Innovative Approaches to Teaching and Assessing English Language Learners

Guillermo Solano-Flores, Professor of Education, Stanford University

Guillermo Solano-Flores

Addressing EL Linguistic Heterogeneity. The performance of English language learners (ELs; students who are still developing English as a second language) on tests in English and in their first language is inconsistent across languages and across test items. This instability is due to the fact that every EL student has a unique combination of strengths in each language that is not possible to capture based on tests of English proficiency.  In addition, each item poses a unique set of linguistic challenges. One implication of this heterogeneity is that blanket testing approaches (providing the same form of accommodation to all EL students) are very limited in their effectiveness to promote fair, valid testing for these students.

Design of illustrations as Testing Accommodations for ELs. Illustrations (visual representations of textual components) accompanying test items, constitute a promising form of accommodation for ELs in large-scale assessment. We have evidence that, in interpreting the content of test items, EL students use the content of illustrations to make sense of the text of items and they also use the text of the items to make sense of illustrations.

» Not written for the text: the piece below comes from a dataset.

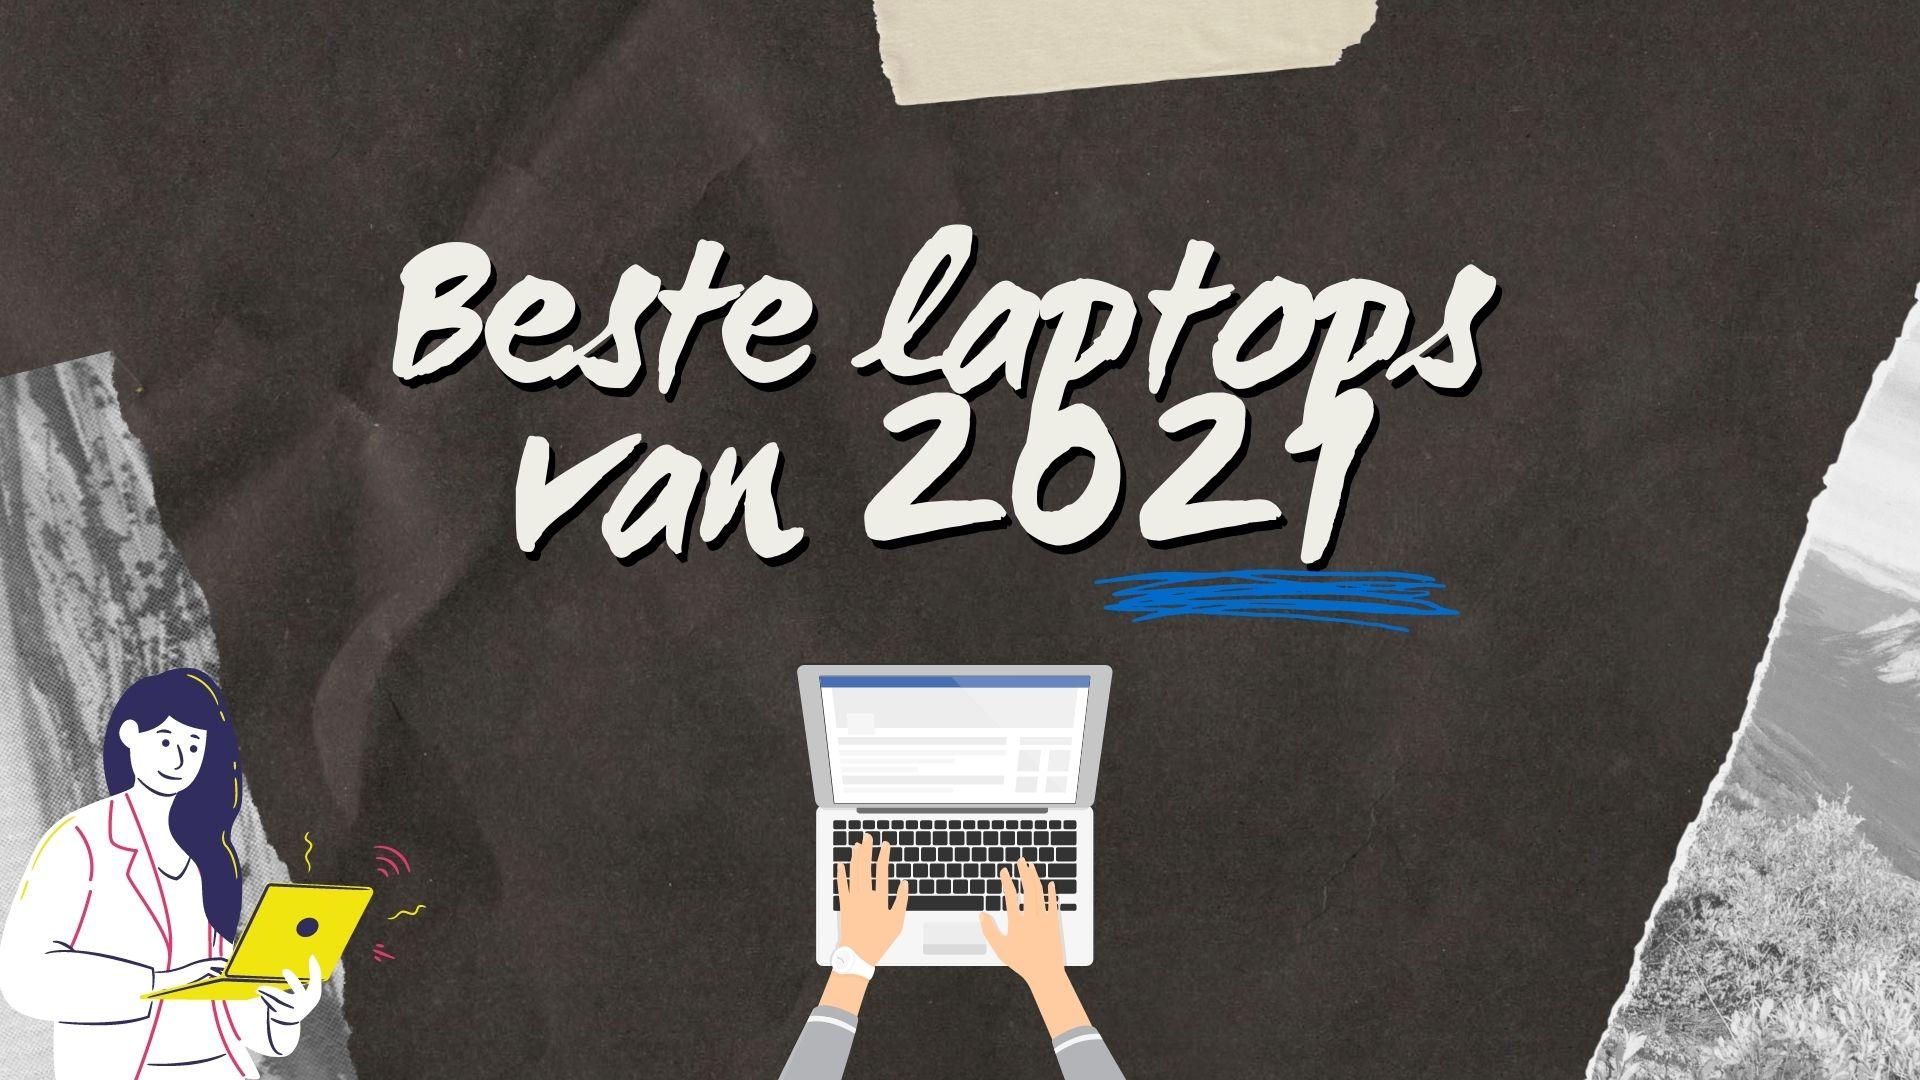 Beste laptops van 2021

This evidence provides the key to developing test items that are more accessible for ELs. However, to provide the intended support and minimize the visual complexity and cognitive demands of items, illustrations need to be carefully developed—which is costly and time consuming.

The importance of Social Interaction for EL Science Learning. Teacher-student social interaction is critical to promoting science learning among ELs. Unfortunately, teachers tend to spend most of their time interacting with the whole class, with limited social interaction with individuals or small groups of students. This limits the opportunities for teachers to understand ELs’ needs, support their language development through content learning, and integrate them socially into the classroom.

Conclusions. Lessons learned from my NSF-funded work indicate that effective teaching and assessment of English language learners largely depends on: 1) the ability of school and assessment systems to address students’ individual needs; 2) the commitment to allocate sufficient time and resources for the development of accommodations and resources accessible to ELs; and 3) the ability of educators to socially integrate ELs into their classrooms.